**WHAT IS BEING ASKED**
Write out the full listing exactly as given, minus the images.

**COLLECTED DATA**
BEGIN

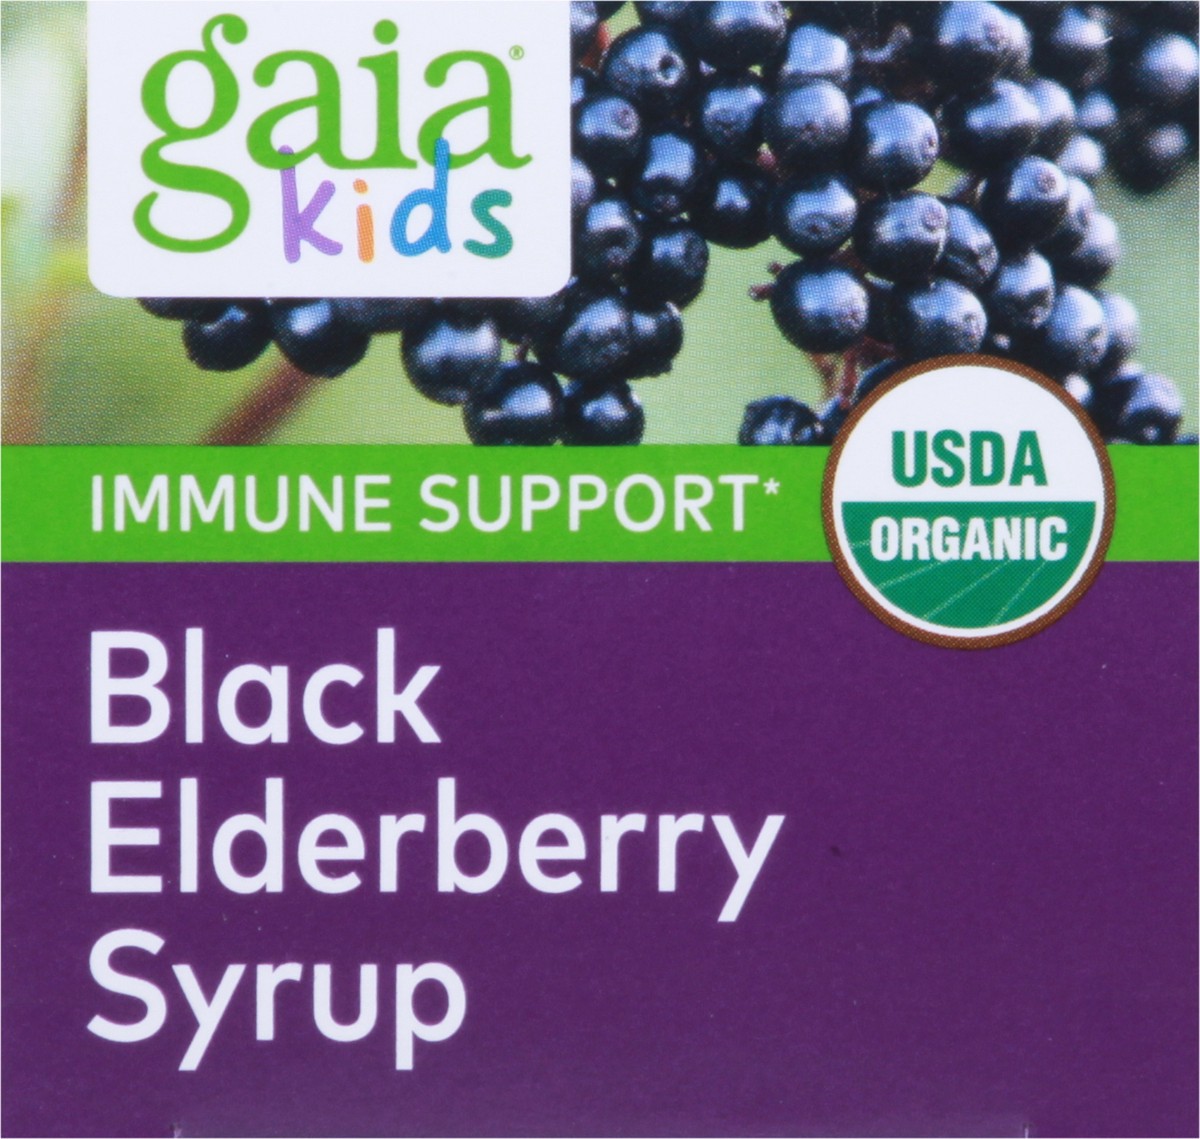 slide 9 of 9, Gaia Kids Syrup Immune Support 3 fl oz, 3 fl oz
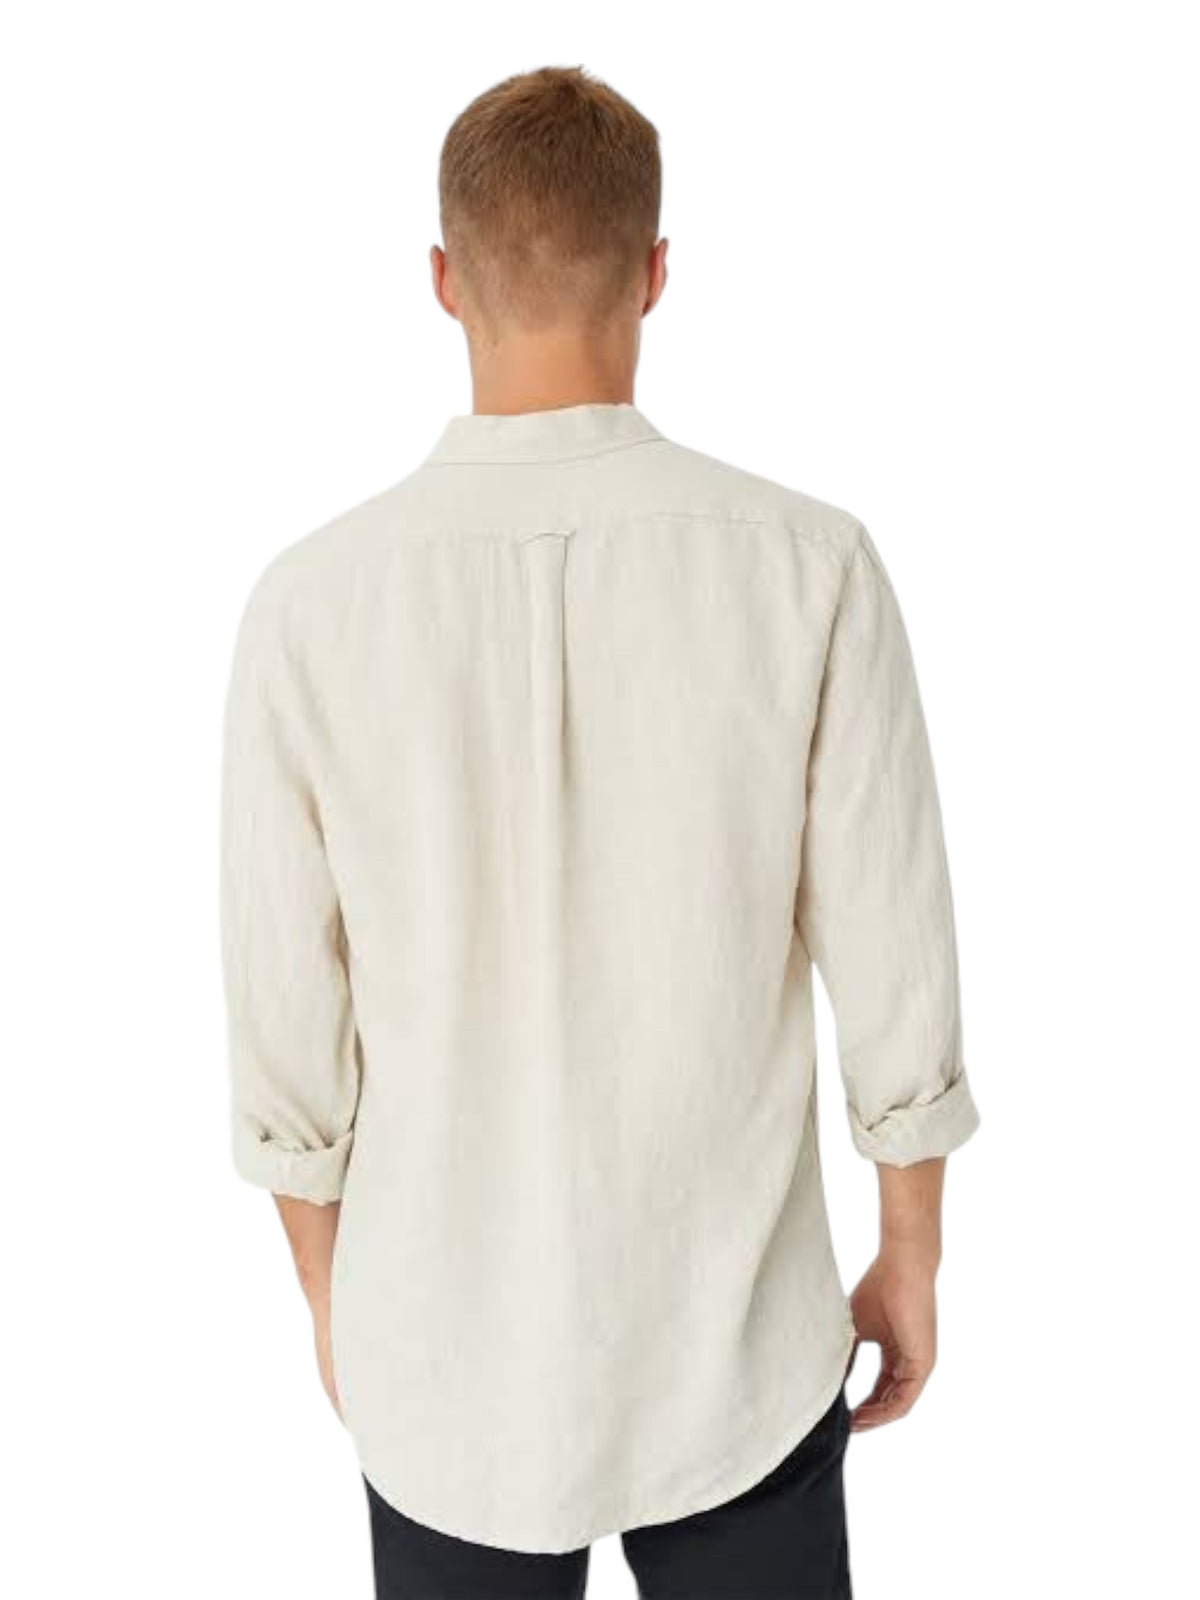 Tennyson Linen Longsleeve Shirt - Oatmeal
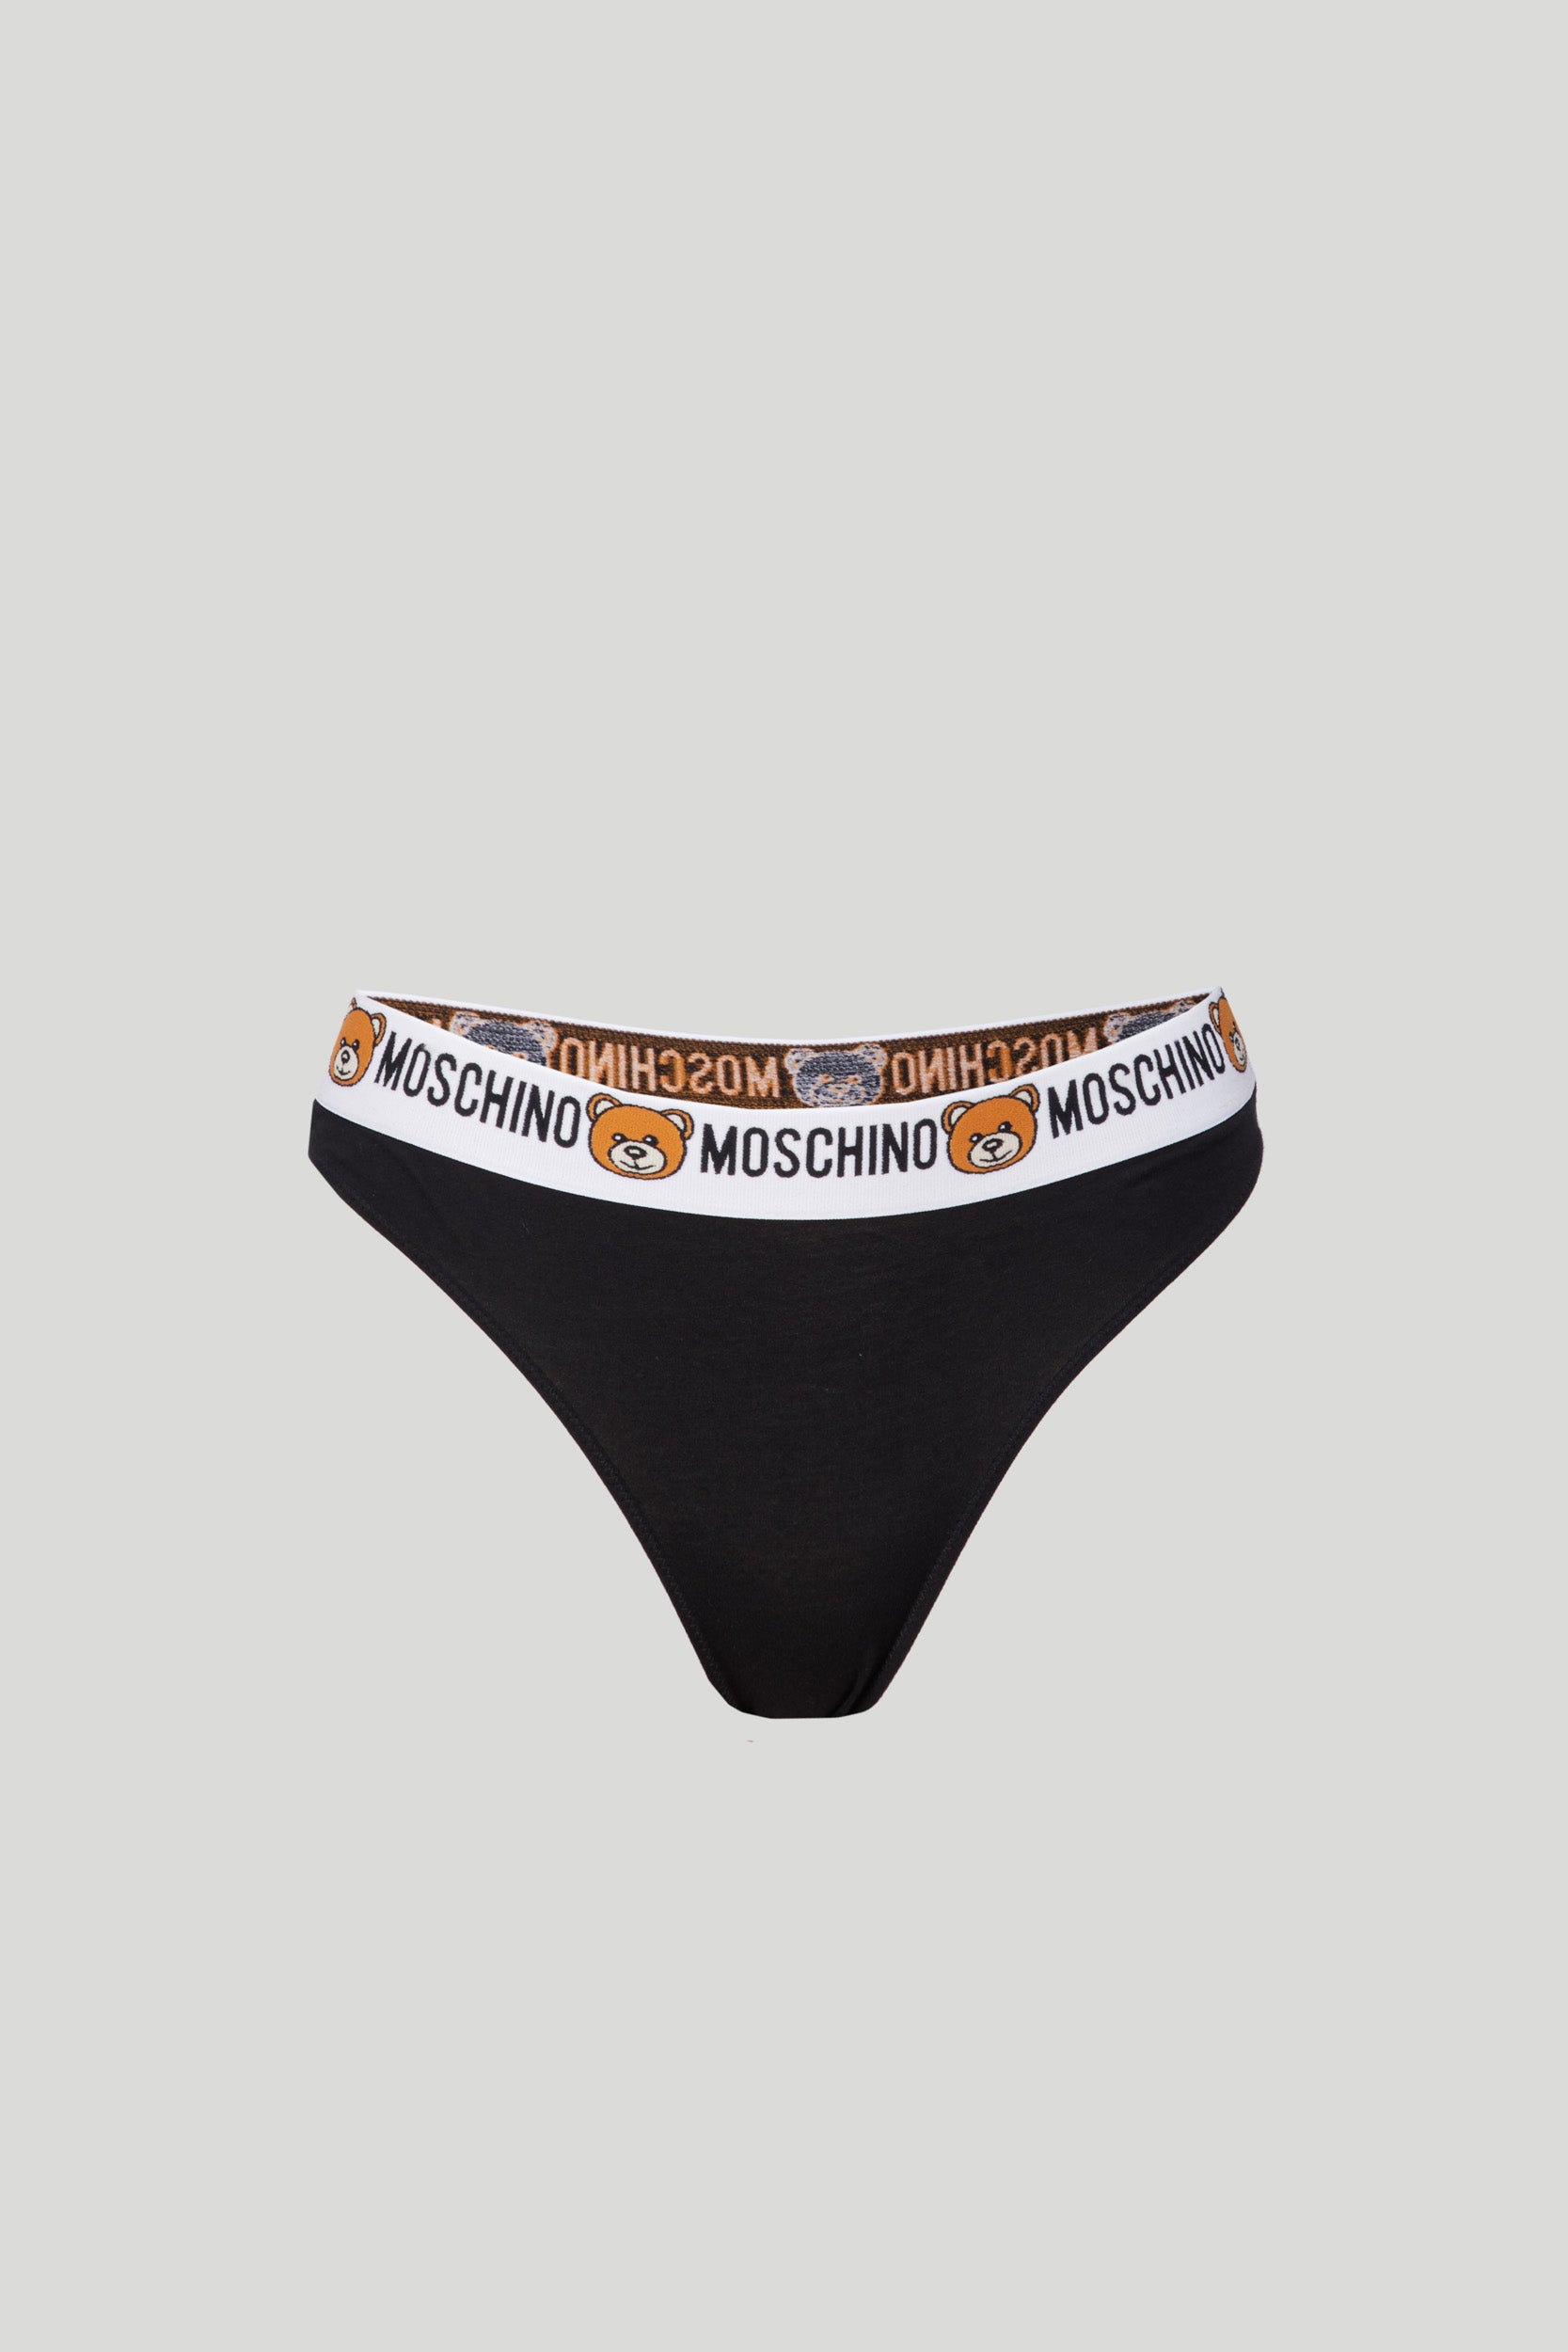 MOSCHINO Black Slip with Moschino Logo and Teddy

END

**TASK RESULT**
 slide 9 of 9, Gaia Kids Syrup Immune Support 3 fl oz, 3 fl oz
 Tennyson Linen Longsleeve Shirt - Oatmeal
 MOSCHINO Black Slip with Moschino Logo and Teddy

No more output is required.